Under Flower and captain Paul Collingwood, England have surprised many - if not themselves - by storming through to Sunday's World Twenty20 final.
Victory then, against old foes Australia, will bring England's first ever silverware in a world tournament after 35 years of previous failure.
The level-headed Flower, however, does not get ahead of himself - and certainly will not be starting now.
He said: "We have played some really good cricket. I would say, though, that this is not the time for back-slapping.
"We've got a final on Sunday, so we haven't achieved anything yet.
"My focus is on the future, not looking back."
Asked whether England reaching a world final for the fifth time - on the back of last year's Ashes triumph - represents reason for some satisfaction, Flower again made it clear he wants to be able to cite much more tangible success before he gets into any navel-gazing.
"I wouldn't describe it as satisfactory at all," he said.
"At least, we're heading in the right direction. But we've got a game to win on Sunday, and if we don't win it we won't be the holders of any World Cups.
"It's as simple as that."
None of Flower's natural caution has prevented him enjoying England's run of four successive victories in the Caribbean, however.
"I'm very excited to be here; I've never been anywhere near a World Cup final," he said.
"The guys are bouncing off the walls, and really looking forward to the game. I don't think they're looking at it with any trepidation whatsoever."
England will be under no illusions nonetheless that, to win again at Kensington Oval, they will need to raise the bar once more.
"We're not looking to repeat what we've done at all; we're always looking to improve," added Flower.
"I think our fielding at times has been good and at times a bit sloppy.

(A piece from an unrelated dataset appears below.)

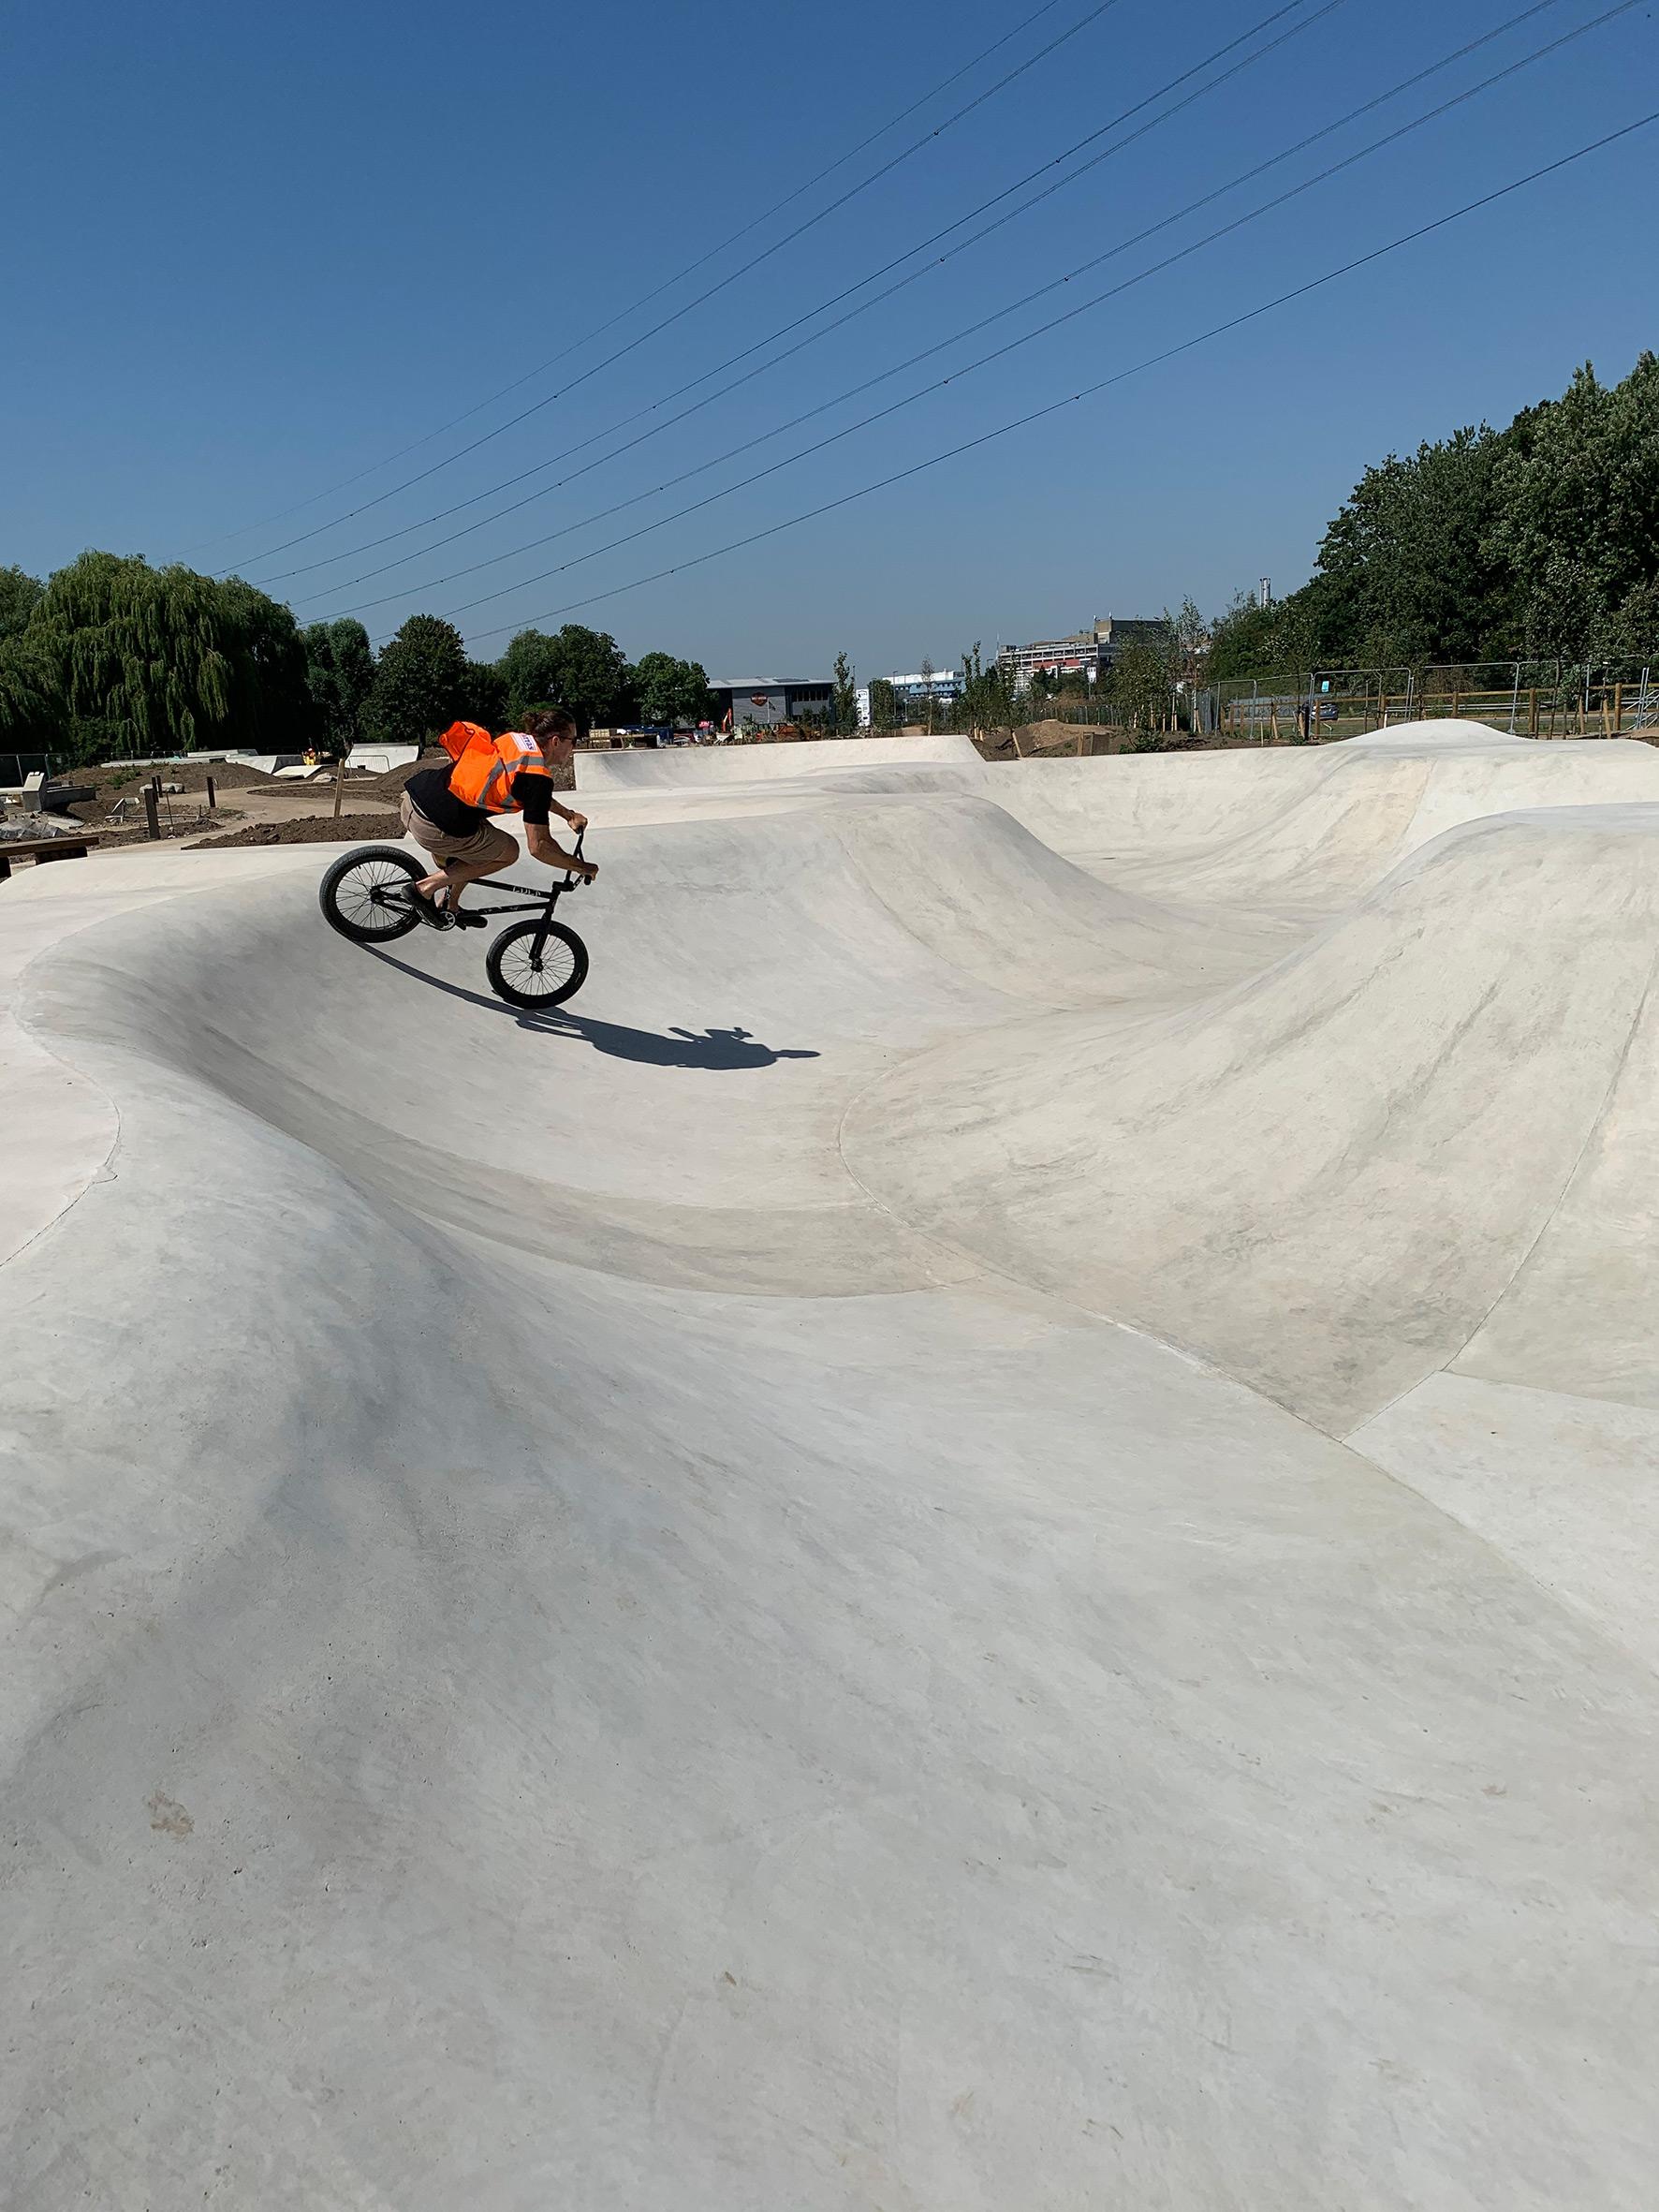 Oxhey Park BMX

"I think some of the batsmen have played really good cameo knocks but in a lot of instances could have gone on to bigger, proper, match-winning scores that put the game beyond the opposition.
"On the bowling front, we've been skillful but we've also conceded extras sometimes when - in an ideal situation - we wouldn't.
"But I think the way the guys have performed has given them a certain self-belief and confidence.
"The batsmen have shown confidence and innovation and power and poise. They've made good decisions and handled themselves well under pressure.
"The bowlers have shown a lot of skill and nous, working with Collingwood. We've used the conditions to our advantage."
Specifically, the batting of new opening pair Michael Lumb and Craig Kieswetter is a case in point - of encouraging evidence so far, but room for improvement too.
Lumb and Kieswetter first served notice of their potential with powerful half-centuries when England Lions narrowly beat England in a Twenty20 tour match in the United Arab Emirates in February.
Flower did not decide there and then to fast-track the pair into this tournament - but had seen enough to be very interested.
"They both played superbly, but one innings doesn't prove anything," he said.
"They did look talented and hit the ball hard - and in a way, they were under certain pressures as well. Those were good indicators."
The results since have helped England to dominate Twenty20 opponents - as in a 68-run stand in under nine overs of yesterday's semi-final romp against Sri Lanka - but have yet to finish a contest on their own.
Flower would like to see that happen.
"We've had some really good starts from them in this tournament," he said.
"I think it's slightly disappointing that they aren't going on to play the real match-winning innings. I'd be looking for that from them.
"I think they're hungry enough to aim for that as well."